Euphrosine aussi était artiste ; — artiste en corsets.

— Et il me trahit ! ajouta-t-elle, et pour qui ?… Pour une personne qui pesait cent soixante-dix-neuf livres sept onces et neuf gros à la dernière fête de Saint-Cloud… Ah ! le…

Elle n’acheva pas.

Elle ferma le tiroir aux lettres, boucha hermétiquement la fente de sa porte et sa fenêtre à tabatière, renversa la braise sur un fourneau, et quand tout fut prêt… elle prit son accordéon, et se mit à entonner le chant du cygne, en jouant dans les cordes lugubres de l’instrument, dans l’octave du canard.

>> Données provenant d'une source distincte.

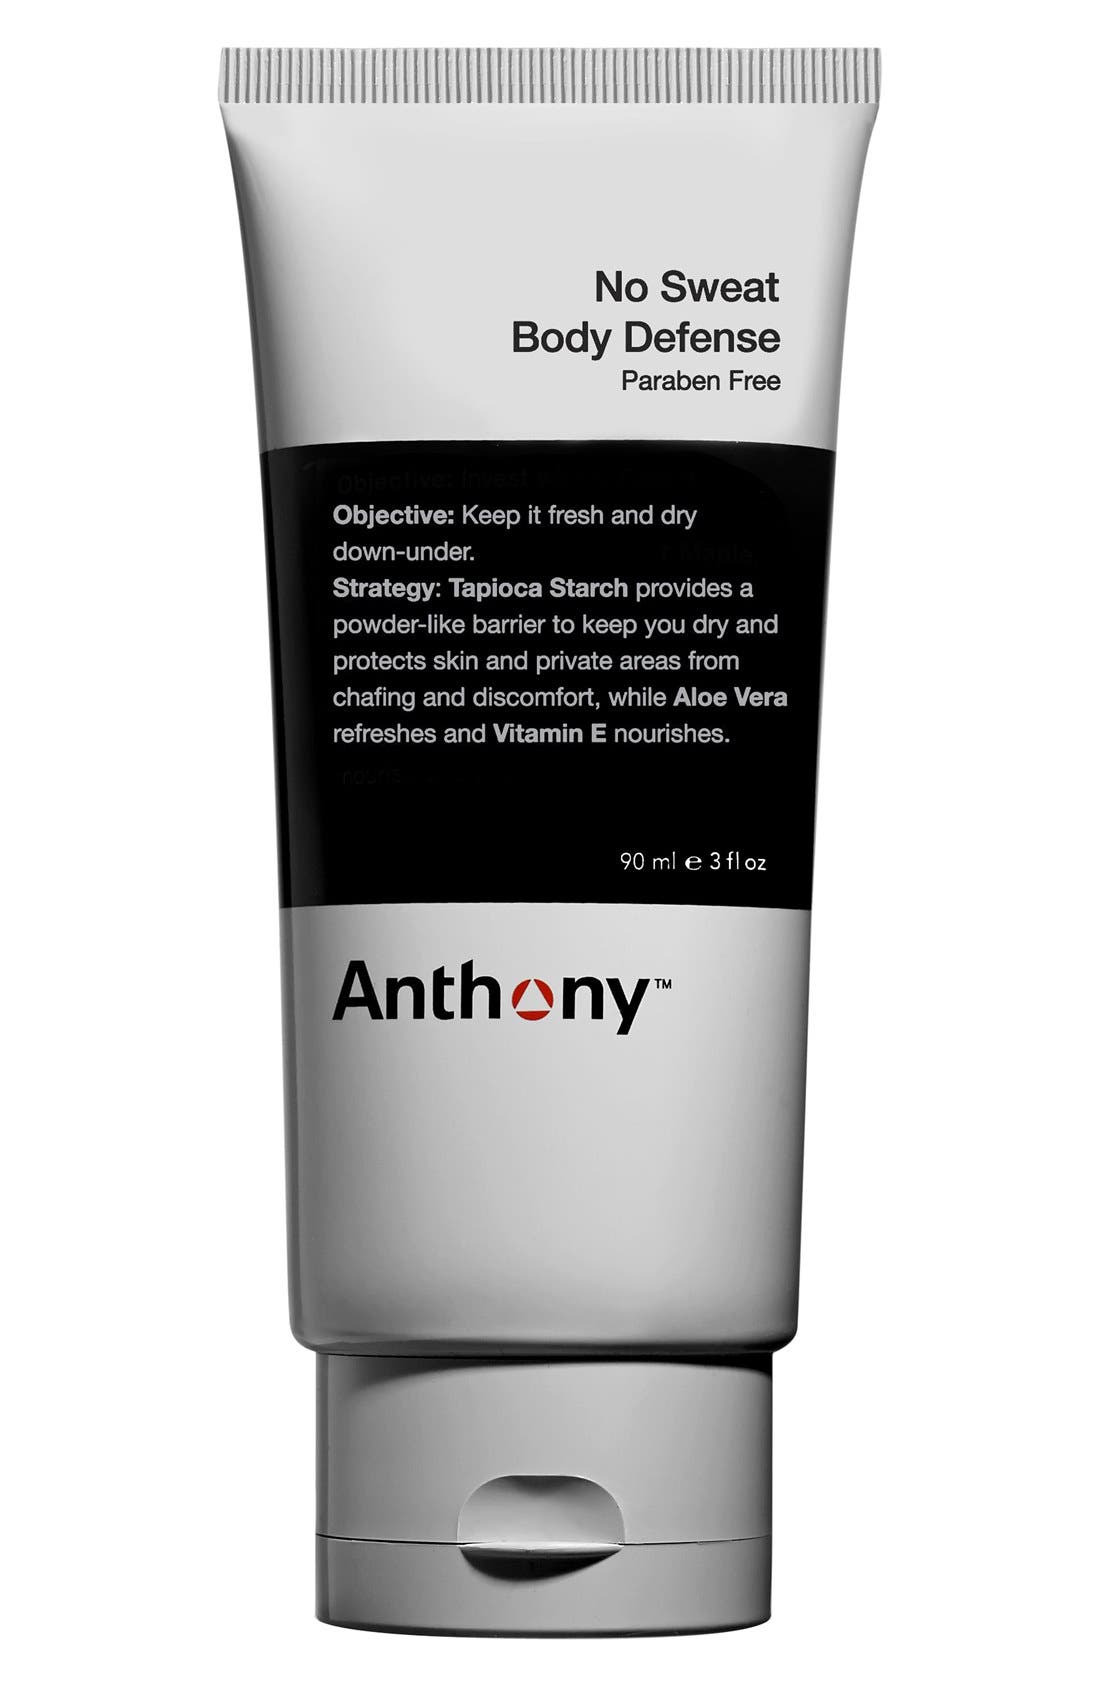 Anthony™ 'No Sweat' Body Defense

L’accordéon se tut, et l’instrumentiste se décida à vivre encore une nuit ; mais c’était la dernière, oh ! oui, la dernière, à moins pourtant que…

Elle souffla sa chandelle et s’endormit.

Le lendemain, elle descendit à la boutique à l’heure ordinaire ; mais elle eut beau regarder dans la rue, cherchant à apercevoir Zéphyrin, elle n’aperçut rien, et la pudeur ne lui permit pas de rester plus longtemps sur le seuil de la porte.